2.8 Simulation studies

We conducted simulations to showcase the efficiency and utility of our method. We leveraged resources from the UK Biobank [1]. Specifically, we first retained 353,606 White British ancestry participants by excluding one individual from each pair of closely related individuals (who had a 3rd degree or closer relationship). We then retrieved the genotypes of these individuals based on 271,699 SNPs which had a minor allele frequency ≥ 0.001 and an imputation quality score ≥ 0.6 on chromosome 22. Next, we sampled 50 causal SNPs with a two-fold relative enrichment amongst SNPs that were annotated as “conserved sequences” [23], “DNase I hypersensitive sites” (DHS) [24], “non-synonymous” [25], or that overlapped with histone marks H3K27ac [26] or H3K4me3 [24]. We used the GCTA GWAS simulation pipeline [27] to simulate a continuous trait with a per-chromosome heritability of 0.01. We tested the association between each SNP and this simulated trait, and obtained GWAS summary statistics using the fastGWA software [28]. This process was replicated 22 times to imitate a GWAS. We obtained LD information calculated using the UK Biobank participants from https://alkesgroup.broadinstitute.org/UKBB_LD/ [16]. These LD matrices were generated for genome-wide SNPs binned into sliding windows of 3 Mb where two neighboring windows had a 2-Mb over-lap.

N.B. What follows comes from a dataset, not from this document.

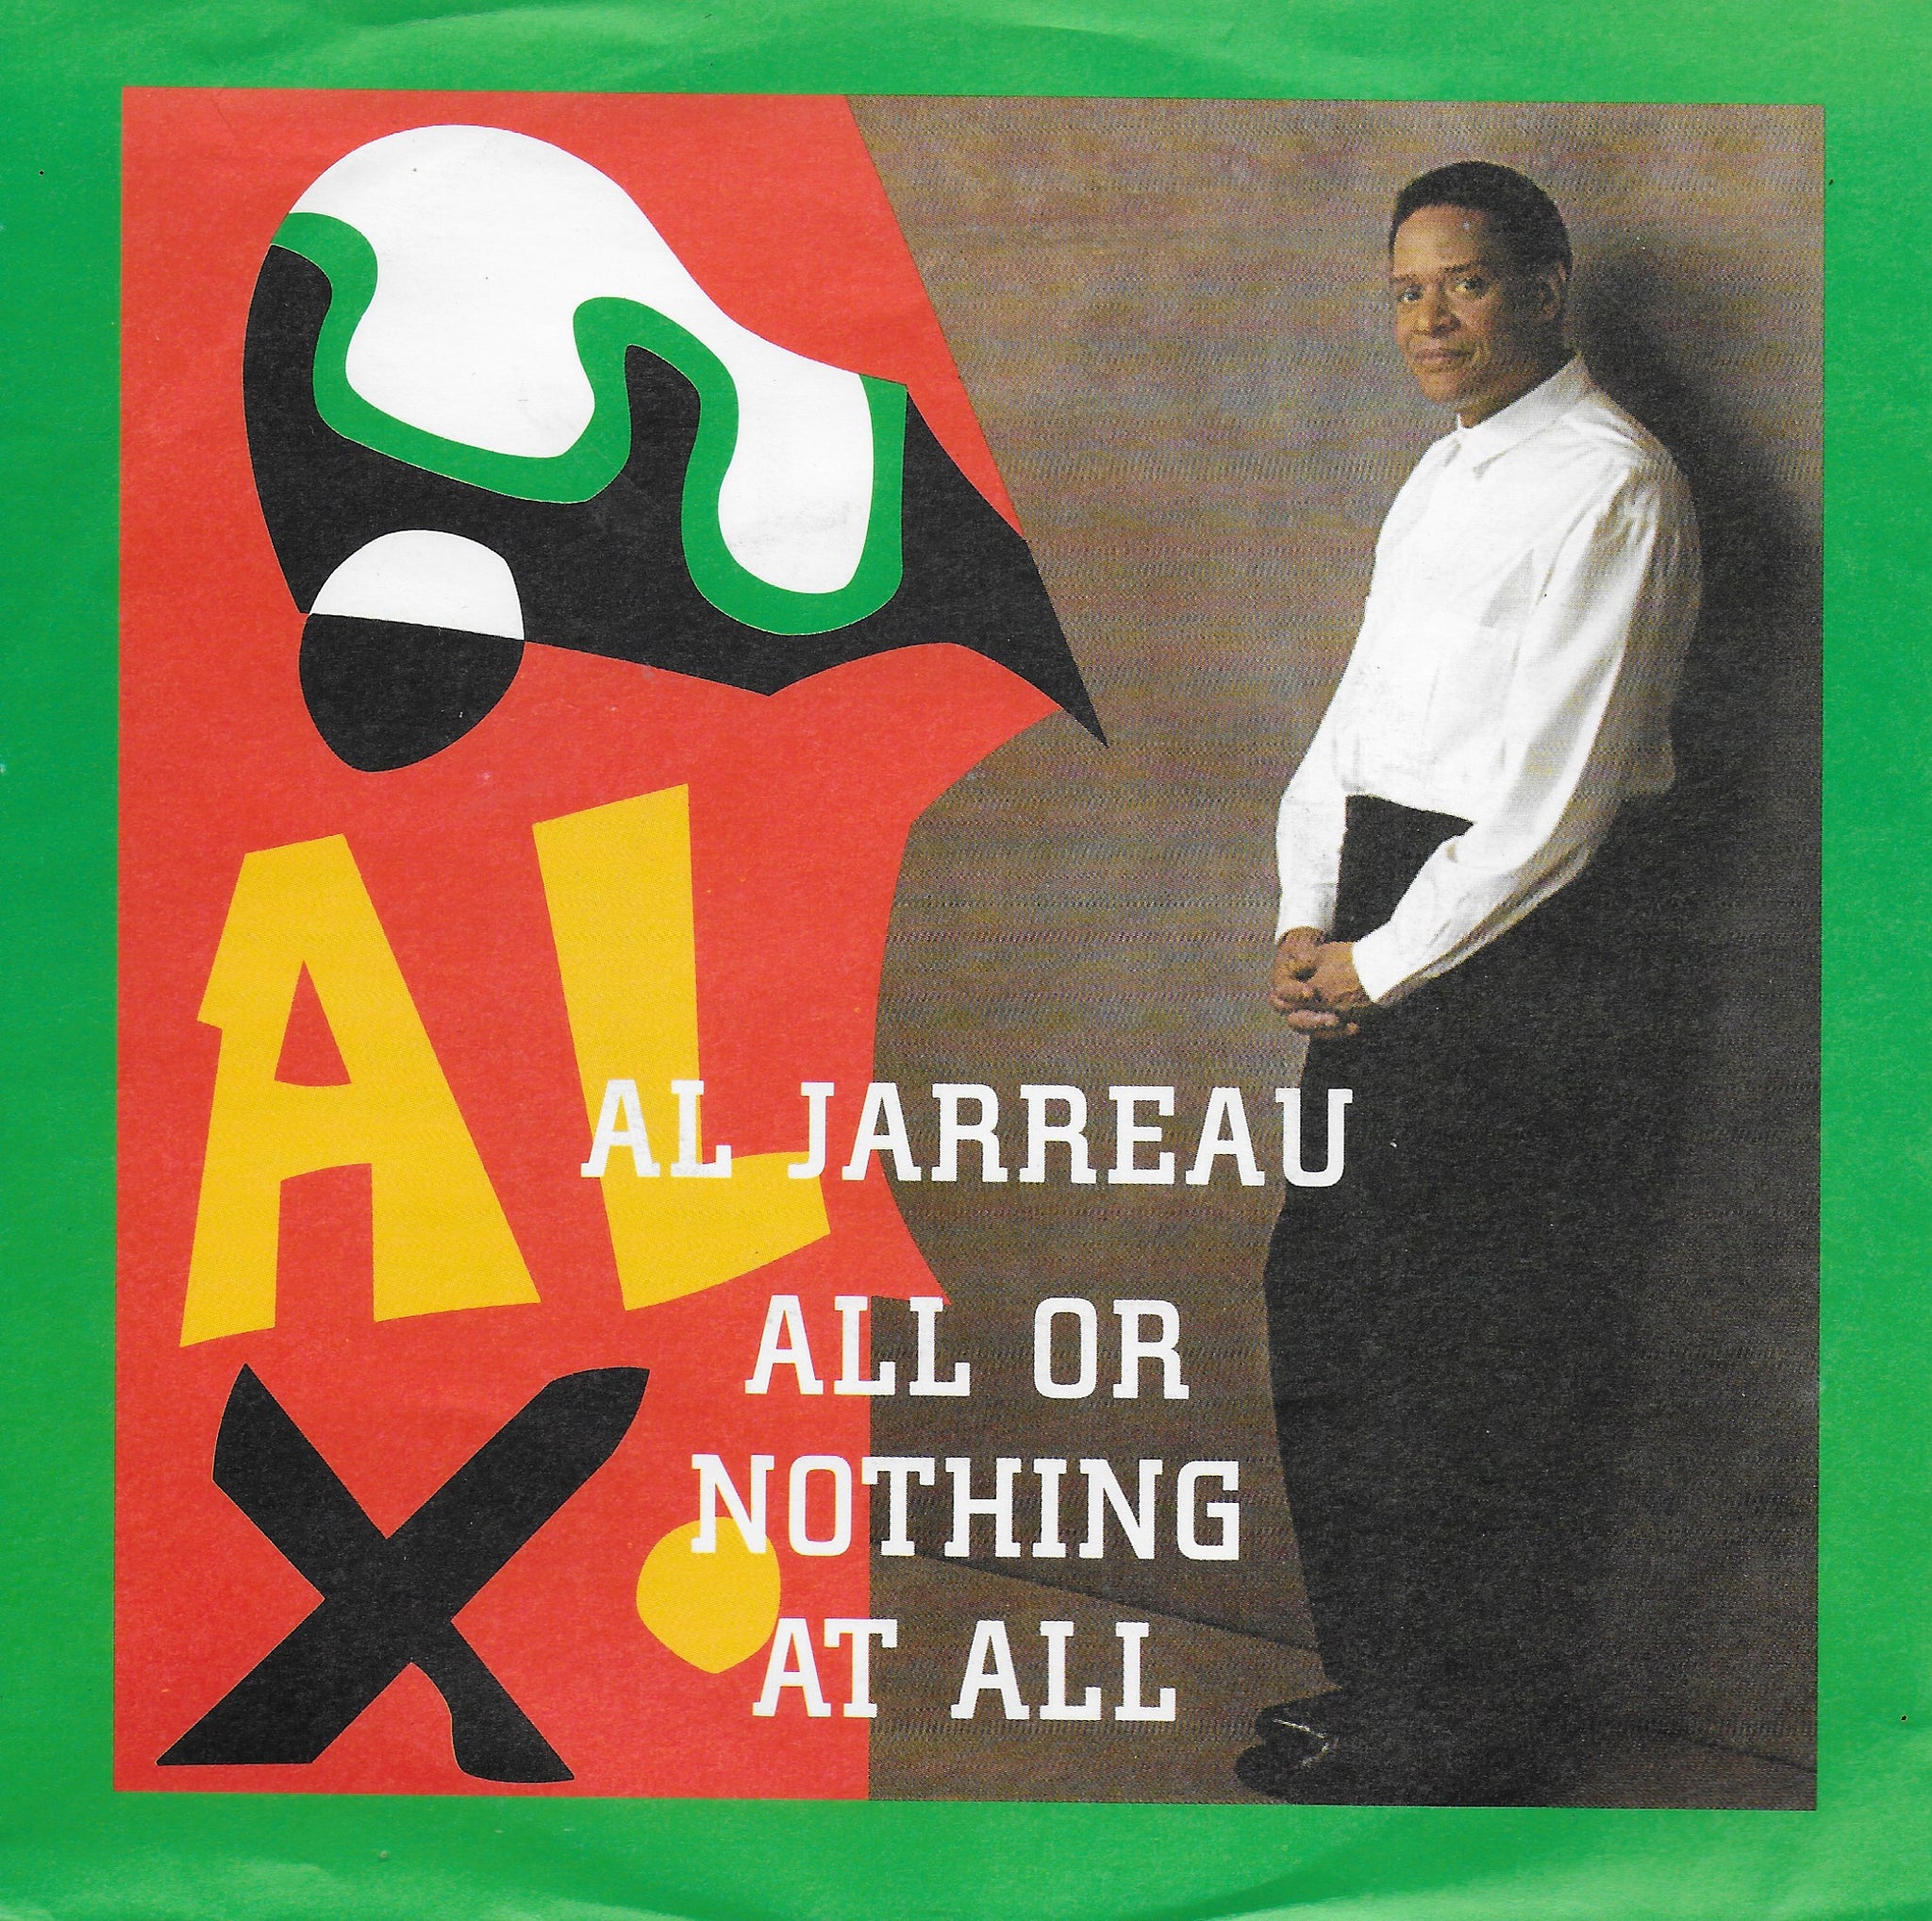 Al Jarreau - All or nothing at all

We applied SparsePro to the GWAS summary statistics with the above LD information, and iterated over all sliding windows, first without any functional annotation information. We denoted the fine-mapping results as “SparsePro-”. Next, we aggregated the results from all 22 replications to estimate the relative enrichment for ten binary functional annotations. In addition to the five annotations simulated to be enriched of causal SNPs, we also included five annotations without enrichment: “actively transcribed regions” [29], “transcription start sites” [29], “promoter regions” [30], “5’-untranslated regions” [25], and “3’-untranslated regions” [25].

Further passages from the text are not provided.